Adelynn is going to get her ear molds made tomorrow for her first set of hearing aids. Honestly I can't wait to see what a world of a difference it makes for her… to hear her learn to speak clearly and to be able to express herself more …to have less frustrations and tantrums… and to hear what she hasn't heard before. I can't wait to watch her grow and flourish even more than she already has. 

I got your back Addie…. You are going to do great!

Friday, January 1, 2016

How did I get so lucky?

If you haven't already known, I decided to make a huge change to move back to New York in the middle of November. I've spent so long trying to figure out what the right decision is for Adelynn mainly and honestly I don't think I'll ever know. I hated being at a point where it was up to me to decide how her life was going to go….. was she going to grow up to be a Texas girl….was she going to be a New Yorker? Who will she grow up with…. who will be her friend? How will I know which place is better for her….would she have had a better life if she had gone down a different road? Will she hate me for making the wrong decision?


I never realized how much weighs on you as a mother….it's like all the sudden all your priorities change, but in a good way. I've been so blessed to have done all the things in life that I've wanted to do, I finished high school, went to Kilgore, became a DCC, finished college with 2 bachelor degrees and one in Nursing…. I've held 4 nursing jobs and was able to experience the job of my dreams. How did I get so lucky? All those amazing patients and coworkers that have changed my life…even if it was only in a small way…Just how did I get so lucky?

I left my dream job because living was more important than dying to do what I love. It was a lot more stressful on me than I ever anticipated but oh the memories of all those amazing moments are sure ones I'll never forget. It's very hard to be deaf nurse and hear everything you need to… especially when 2 lives are in your hands at once. I know that if I had an interpreter on the job like my first nursing job things would have been a lot easier. I remember spending the first few months wondering how I was ever going to survive being a labor and delivery nurse and I remember thinking I would do anything to have the chance. I met a Dr on the first day of being on the floor and he set me aside to discuss how this was going to work…. it wasn't that he didn't believe in me…but he was the only Doctor that I've ever worked with who legitimately cared about my success as a nurse and still to this day I always say that's what got me through.

I do miss labor and delivery but I think the stress of it all would have killed me in the end. I was able to have a last minute opportunity to be interviewed at a place when I came up for a visit in New York. My new job surely isn't as stressful and I have met so many amazing people, but it's different than working in the hospital. As of right now I'm enjoying the change in pace…but I have no idea what my future holds. All I know is that God has given me the opportunity to be a mother. One that I can work full time and support the both of us…one that would allow me to take her and pick her up from daycare and spend every weekend and holiday with her. One that would allow me to make dinner for her,  help her with her homework, put her to bed, go to her school events and watch her play sports. I know that I am giving Adelynn a better life because I get to be there. I don't really have anymore set goals for my future because I've pretty much accomplished everything I set my mind to do….. but now I get to focus on being a Mom. Not only am I going to spend this year loving Adelynn up even more than before….. I gotta work on loving me as well.

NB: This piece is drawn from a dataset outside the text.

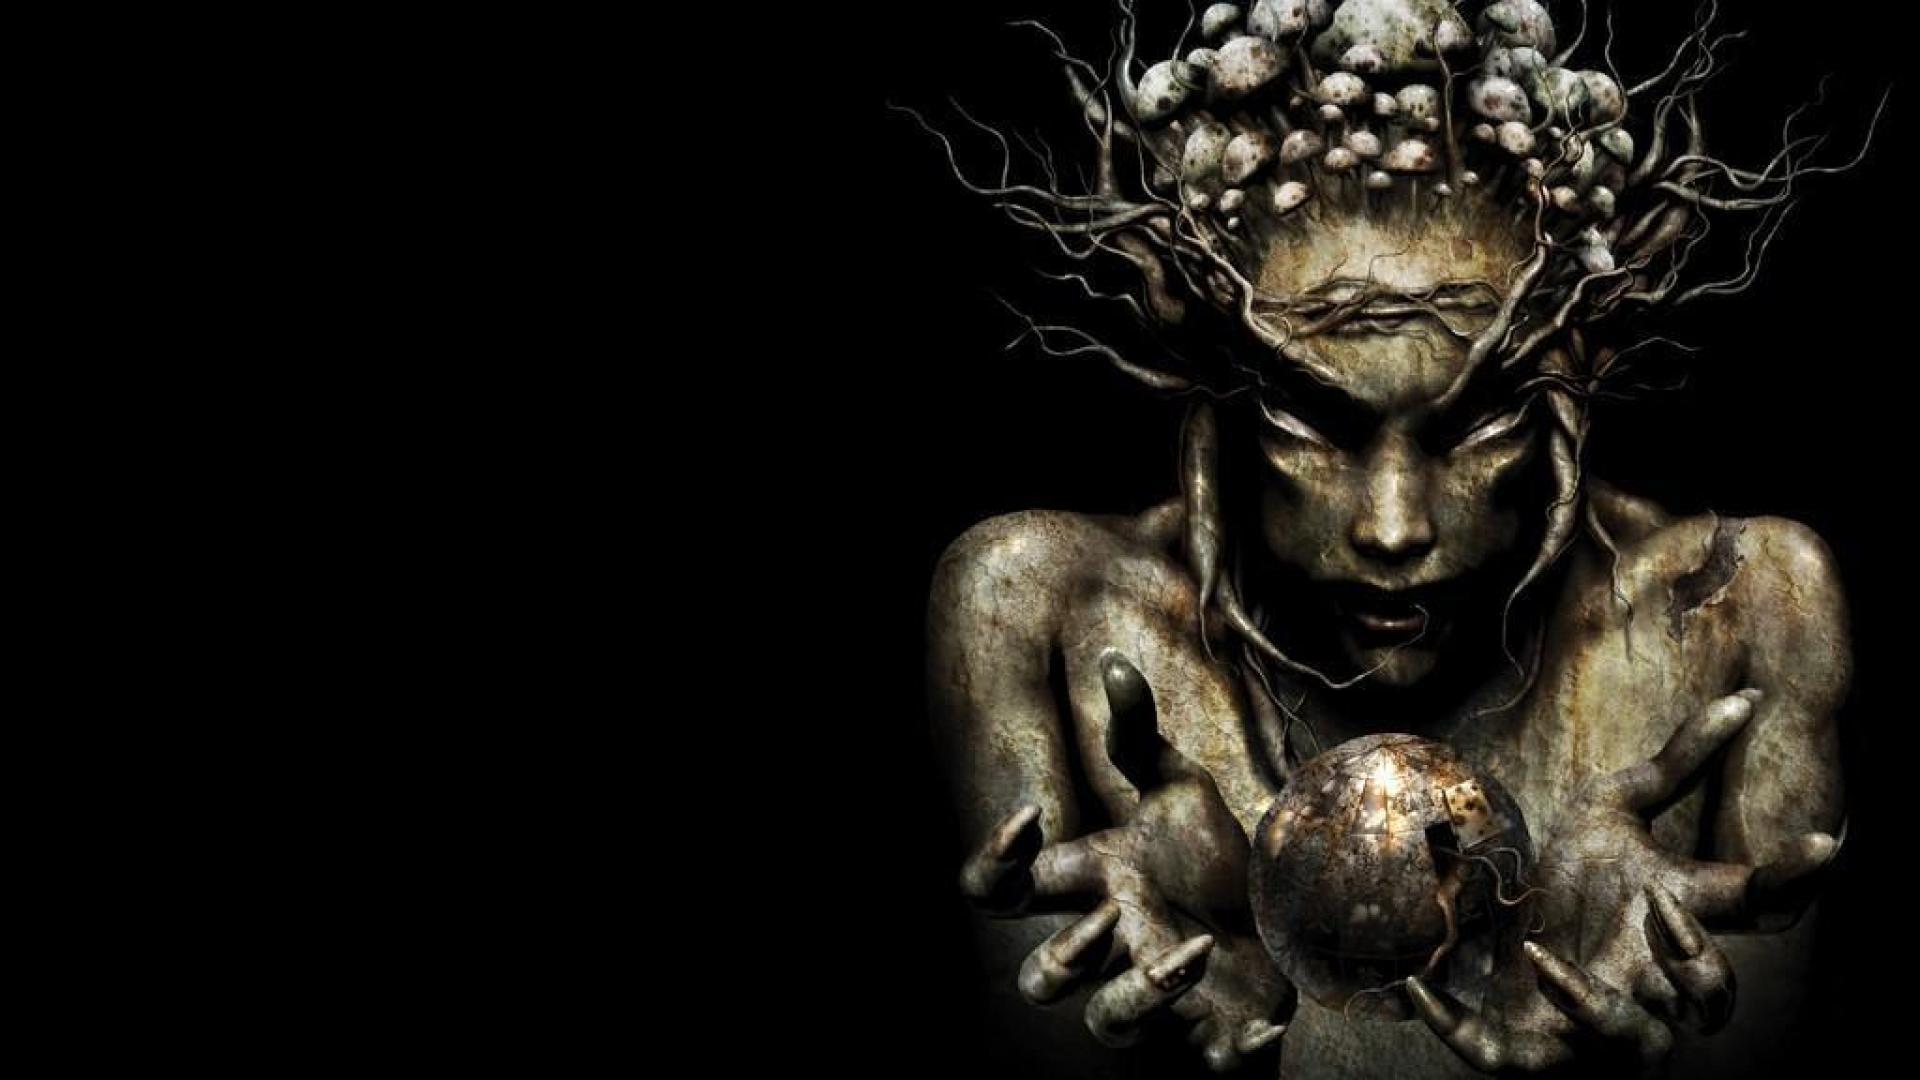 Dark Psychedelic Wallpaper Hd

I wouldn't be where I am today without my family in Texas and my family in New York. I'm so thankful for my roommate for taking me back into her house and allowing me to give Addie a life that she needs. Even though we've got 5 dogs living in the house and it's always a zoo…. it's totally worth it.

As for my New York family…. I have never felt more at home. I get to be around my 3 sisters, 4 nieces and have an extra set of parents to keep me on my feet. Just how did I get so lucky?